| WORK TO BE COMPLETED |
Take the lines in the listing below from the line with "Staron Pebble Blue PB870" up to and including the line with "Central Coast Movie" and set them down exactly, skipping pictures and adding nothing.

| RECORDS TO USE |
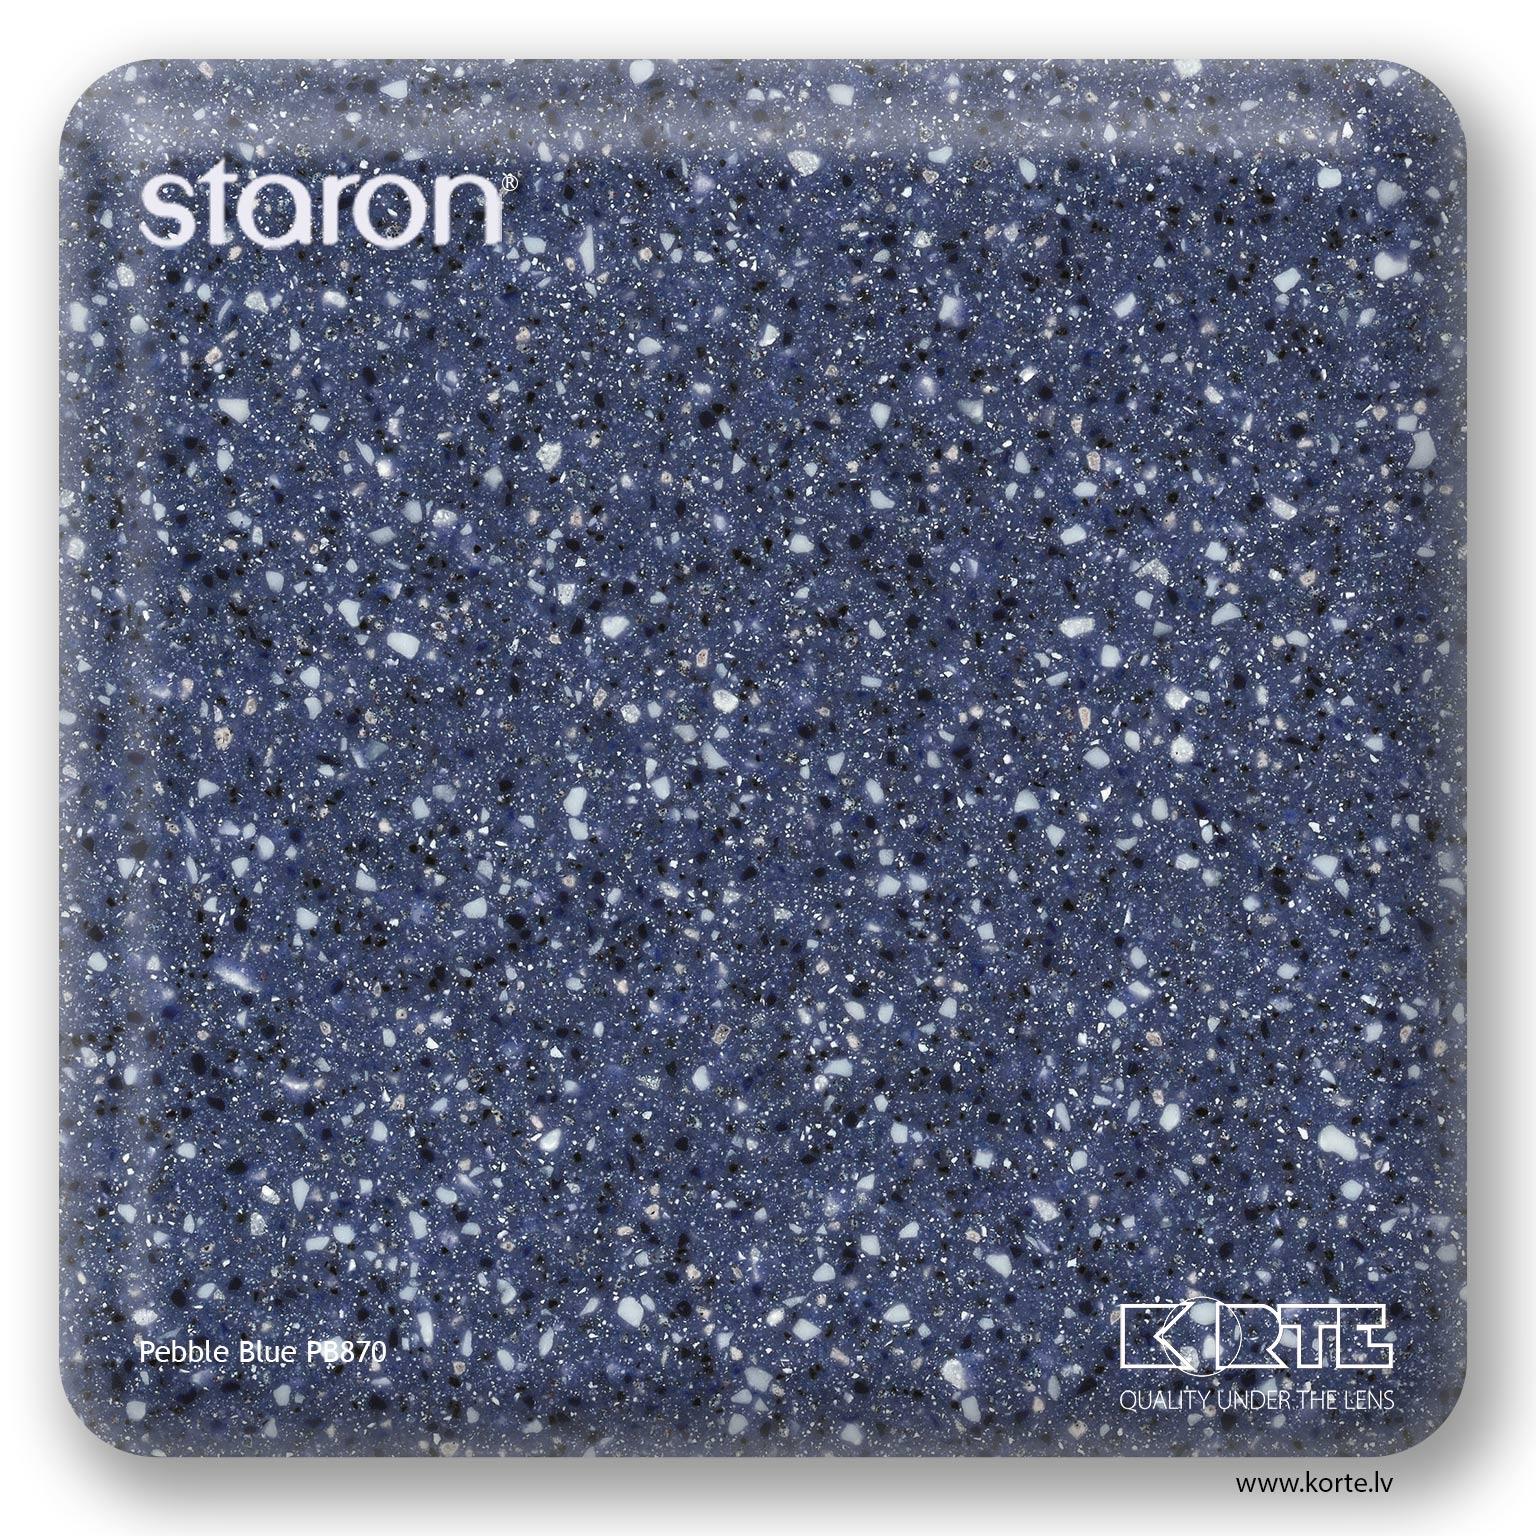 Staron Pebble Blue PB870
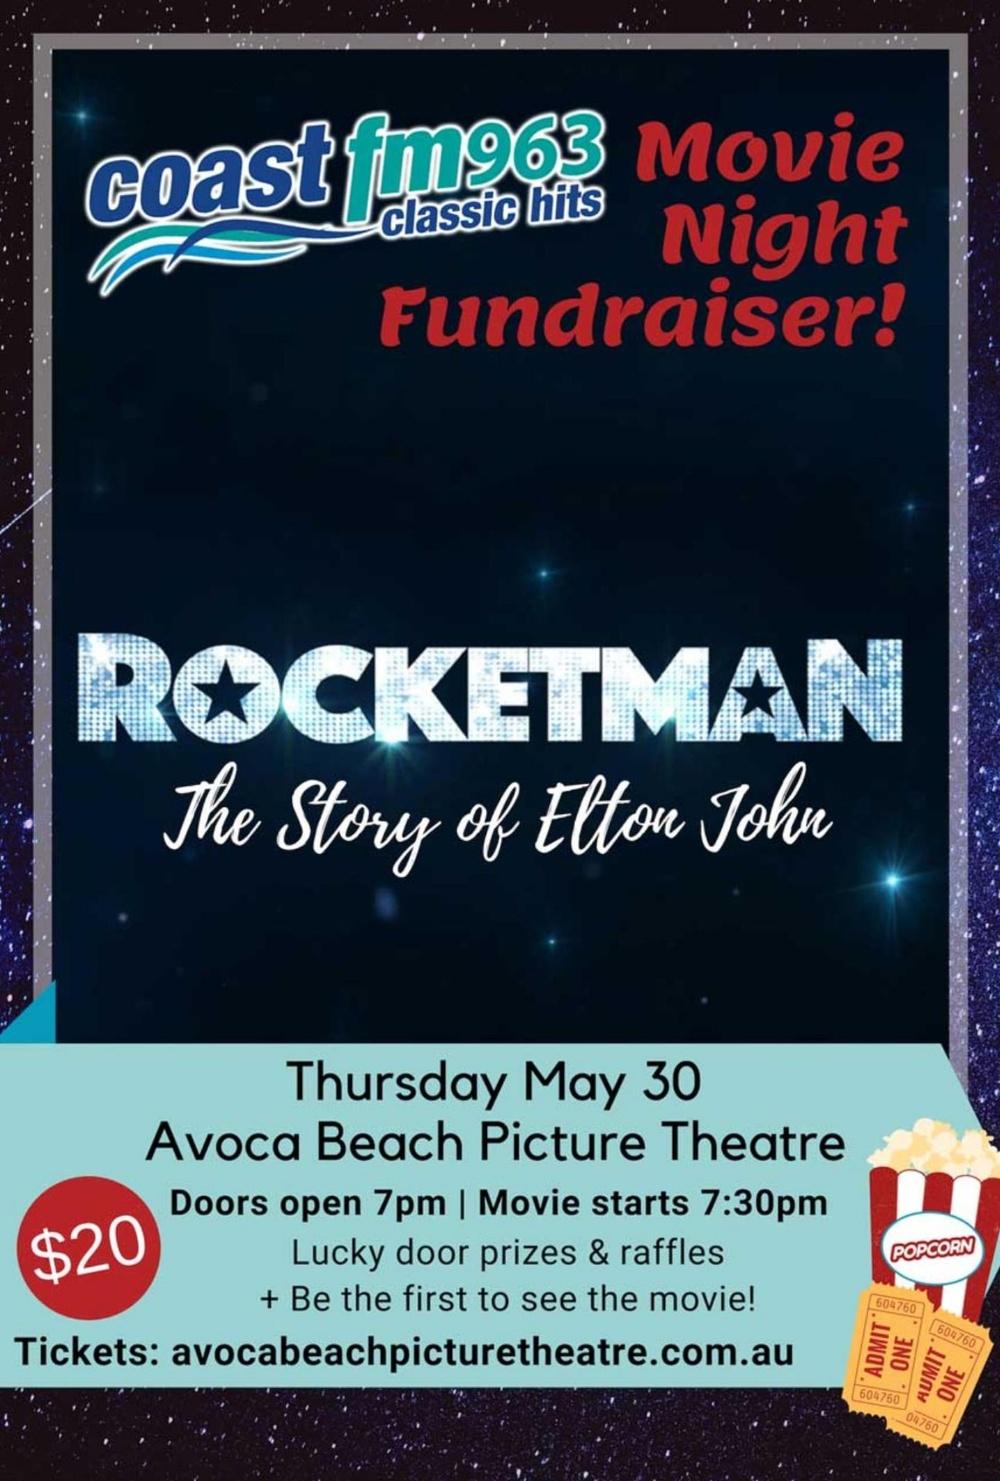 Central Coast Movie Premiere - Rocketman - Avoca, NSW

...

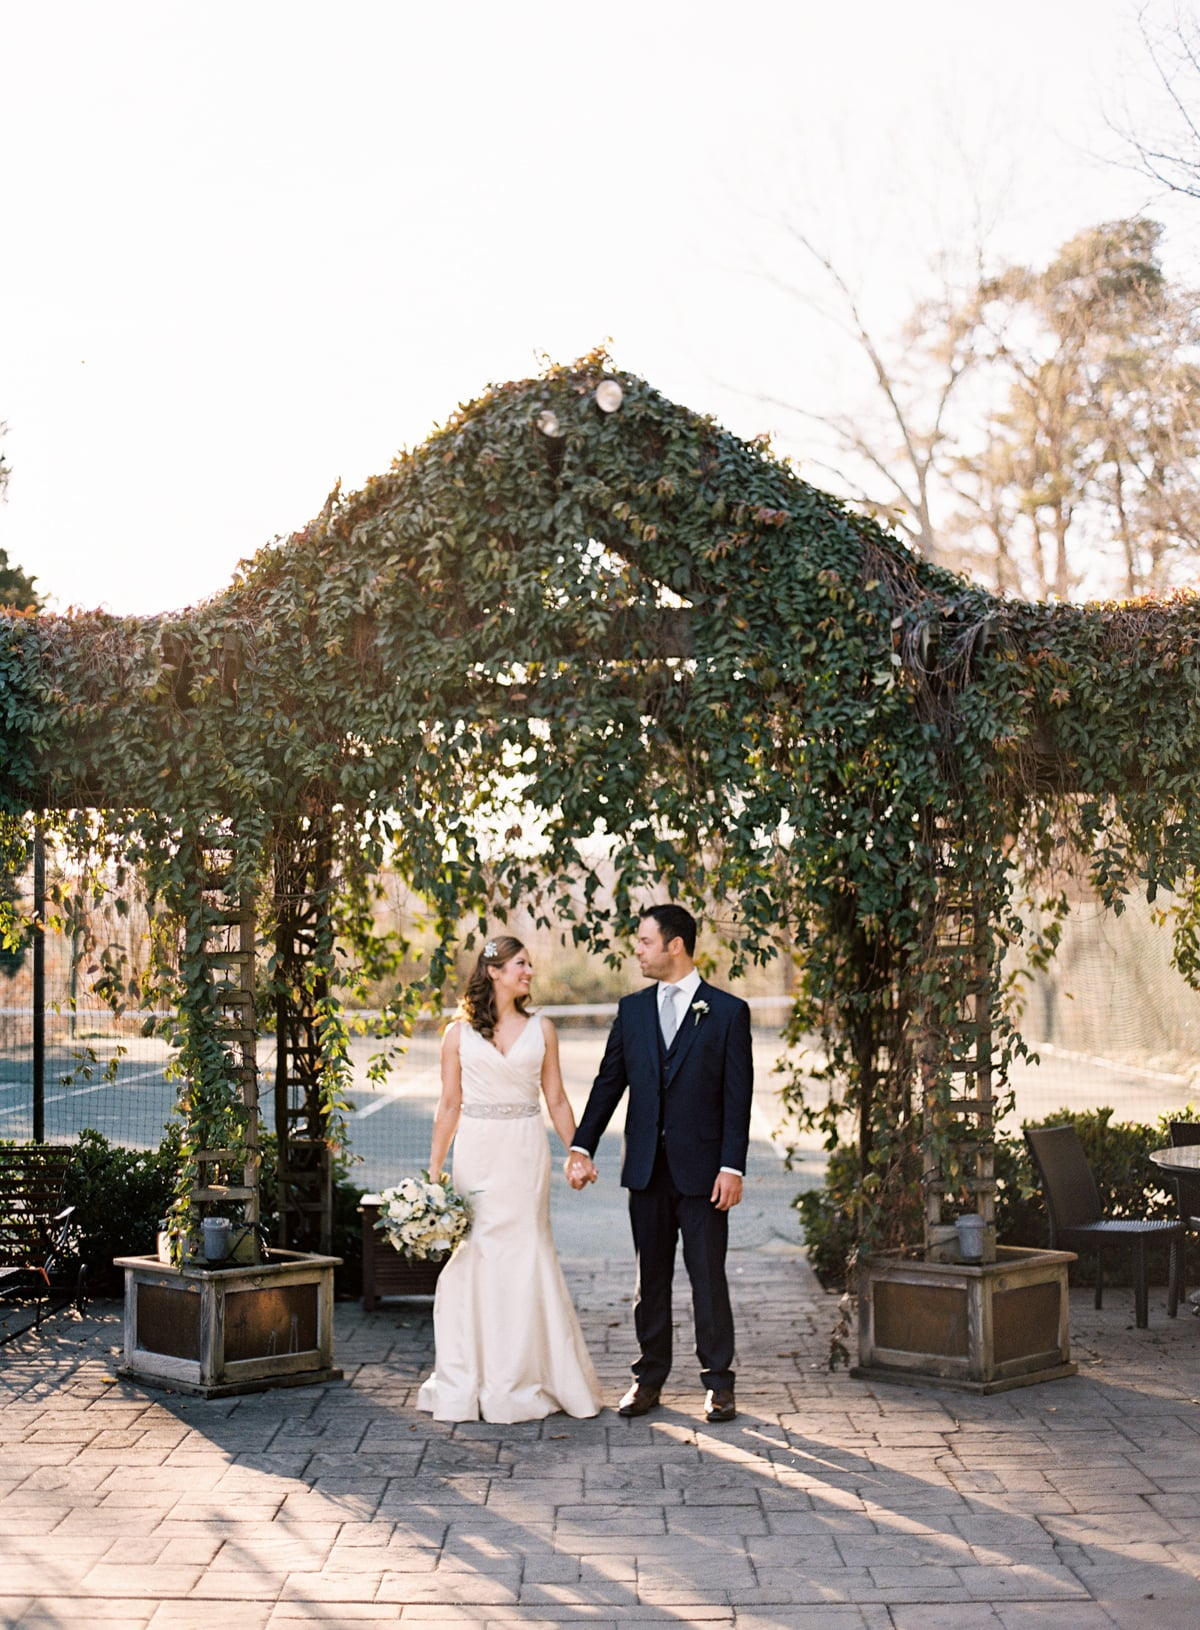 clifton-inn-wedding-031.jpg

...

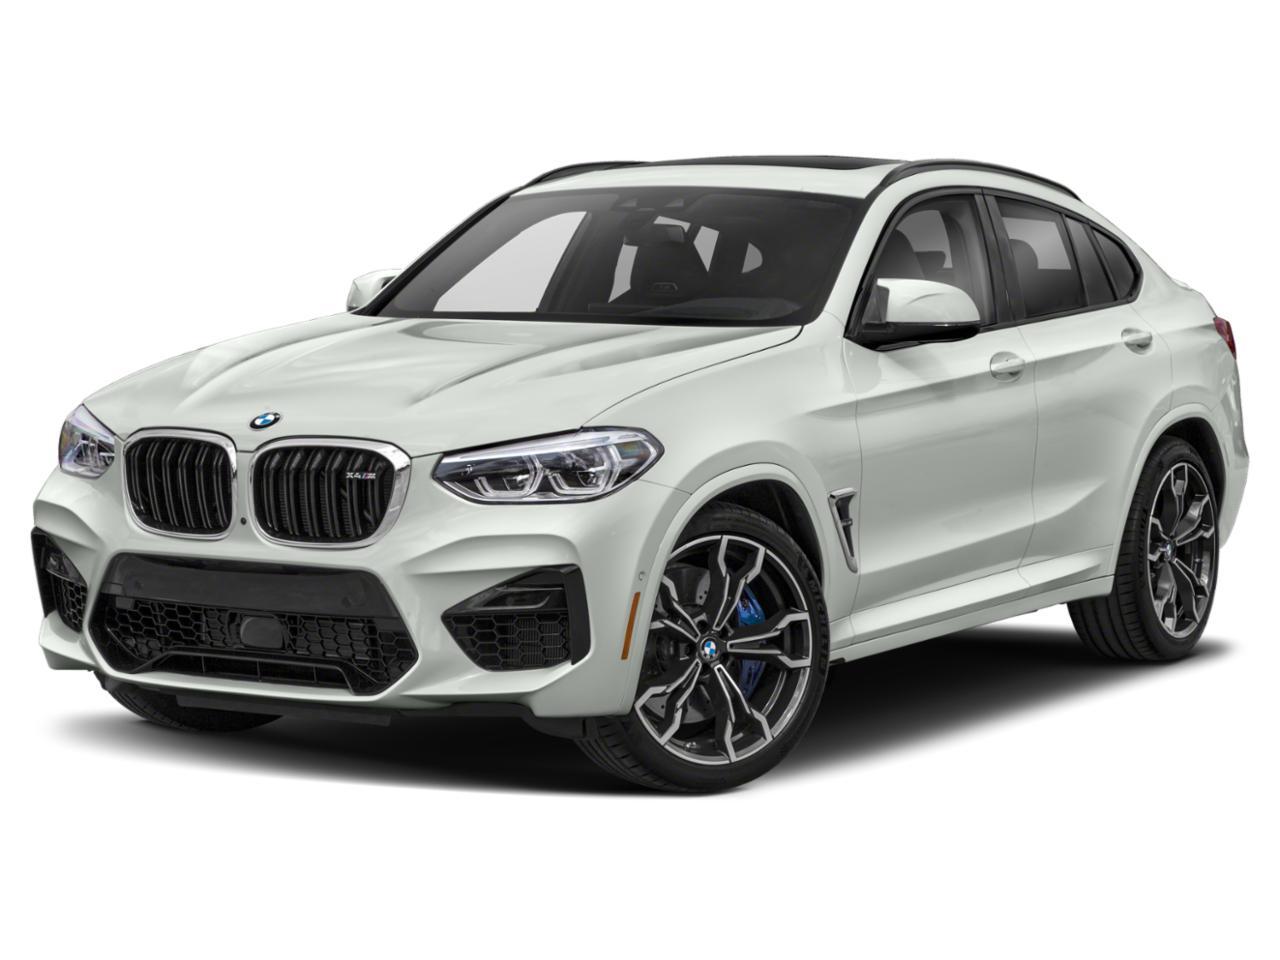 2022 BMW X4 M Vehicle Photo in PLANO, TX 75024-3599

| ANSWER TO THIS PROBLEM |
 Staron Pebble Blue PB870
 Central Coast Movie Premiere - Rocketman - Avoca, NSW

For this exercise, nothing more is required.